Le opere di Renzo Piano che hanno fatto la Storia dell’Architettura

Se si pensa a Renzo Piano, la prima cosa che viene in mente è quanto sia iconico, rispetto agli altri professionisti italiani del giorno d’oggi.

Sei d’accordo con me?

Basti considerare al contributo che le sue opere hanno dato nel panorama architettonico contemporaneo, grazie alla mescolanza di abilità artigianali, tecnologia e tecnica. 

Continua a leggere questo articolo per saperne di più sulle opere di Renzo Piano.

La sua storia

Nato nel 1937 a Genova, è noto per i suoi famosi spazi pubblici high-tech.

Nel corso della sua carriera ha lavorato con una varietà di architetti famosi, tra cui suo padre, col quale ha stabilito per alcuni anni una partnership.

Uno dei suoi progetti più significativi è quello con Richard Rogers per il Centre Georges Pompidou di Parigi, Progetto di architettura che è diventato un punto di riferimento di fama internazionale.

Un’altra importante opera di architettura di Renzo Piano è l’edificio per la California Academy of Sciences, a San Francisco, noto per la sua particolare struttura green.

Renzo Piano ha anche lavorato alla rivitalizzazione urbana di alcune città, tra cui la conversione di un’enorme fabbrica storica Fiat a Torino, nel quartiere fieristico della città.

Renzo Piano: opere

Di seguito puoi trovare alcune delle opere di Renzo Piano più famose ed iconiche.

1. Ponte Genova San Giorgio, Genova

Renzo Piano opere: Ponte San Giorgio
Foto di Christian Michelides

Dopo una delle più grandi tragedie della città di Genova a causa del crollo del ponte Morandi nel 2018, Renzo Piano ottenne l’incarico per la sua ricostruzione.

Questa ricostruzione è un vero e proprio simbolo per i Genovesi ma anche per lo stesso Piano, trattandosi della sua città natale.

Realizzato in acciaio e calcestruzzo, il ponte è largo circa 31 m, lungo 1067 m e alto 45 m.

É stato studiato per essere costituito da ben 19 campate con un sostegno composto da 18 pile, anch’esse in cemento armato..

L’opera di Renzo Piano è illuminata da 18 lampioni posizionati sui pennoni posizionati al centro della carreggiata, in modo tale da fornire una completa illuminazione per entrambi i sensi di marcia dei veicoli.

Il ponte viene monitorato in modo costante da robot motorizzati progettati appositamente dall’Istituto Italiano di Tecnologia.

Il loro scopo è quello di ispezionare la superficie inferiore del ponte, dei pannelli solari e delle barriere antivento dell’opera di architettura di Renzo Piano.

2. Renzo Piano Opere: The Shard, Londra

Renzo Piano opere: the Shard

L’edificio Shard a Londra è uno dei più recenti ed iconici di Renzo Piano

Raggiunge 72 piani e la torre è stata progettata in modo specifico a seconda dei suoi diversi utilizzi.

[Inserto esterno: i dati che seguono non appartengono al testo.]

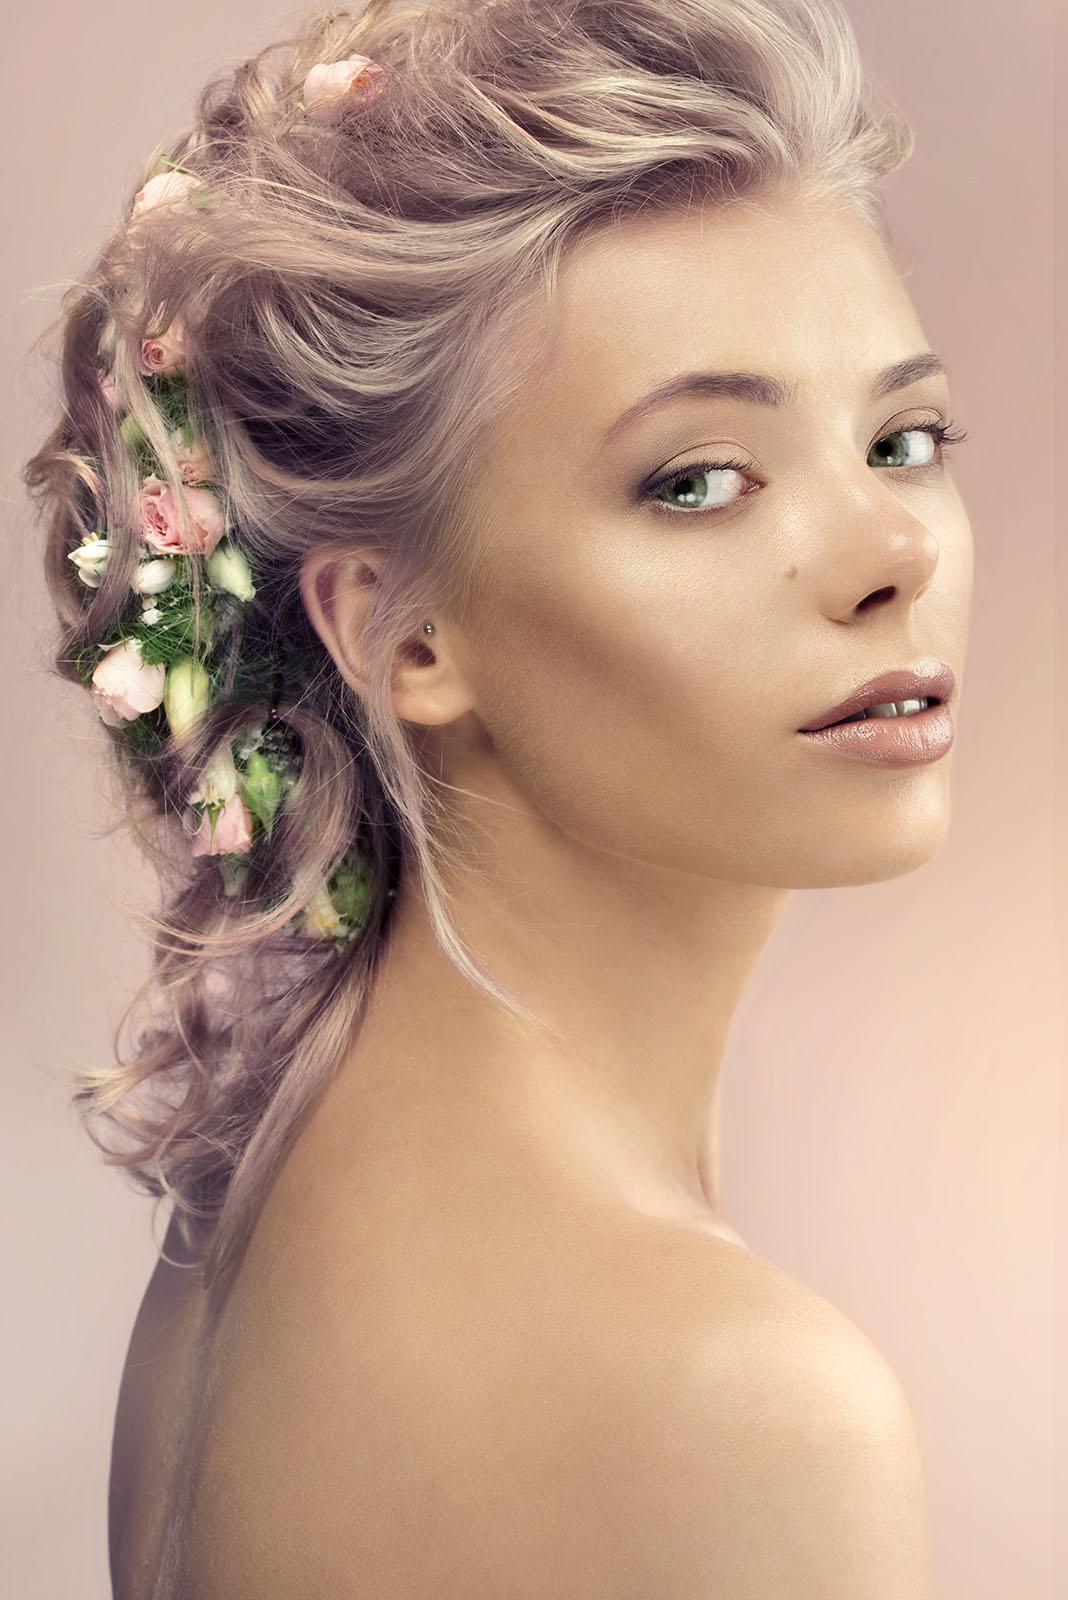 Beauty_photographer_italia

Infatti presenta piastre più grandi nella parte inferiore, adibita agli uffici; hotel e ristoranti nella zona centrale ed infine appartamenti privati ​​e una galleria panoramica nella parte più alta e stretta della struttura.

Il nome di una delle più iconiche opere di Renzo Piano deriva dalle 8 “schegge” (shards) inclinate di vetro che compongono l’edificio.

Una particolarità di questa struttura è il vetro utilizzato per la sua intera facciata.

Infatti riflette il cielo che lo circonda, a seconda del meteo, delle stagioni e del momento della giornata.

3. Renzo Piano Architettura: Centro Botin, Santander

Renzo Piano opere: Centro Botin
Foto di Enrico Cano | Licenza Creative Commons

L’architettura di Renzo Piano, costruita sul lungomare della città di Santander, in Spagna, offre un accesso diretto dal centro storico al mare e valorizza i collegamenti visivi con l’acqua.

Questo nuovo spazio per l’arte, la cultura e le diverse attività della Fundación Botín può essere esaminato da diversi punti di vista.

A nord, dove convergono i vari percorsi che attraversano il parco dalla città, si trova una piazza pubblica. 

Sul lato ovest un anfiteatro all’aperto che può ospitare 2.000 persone per proiezioni di film o concerti.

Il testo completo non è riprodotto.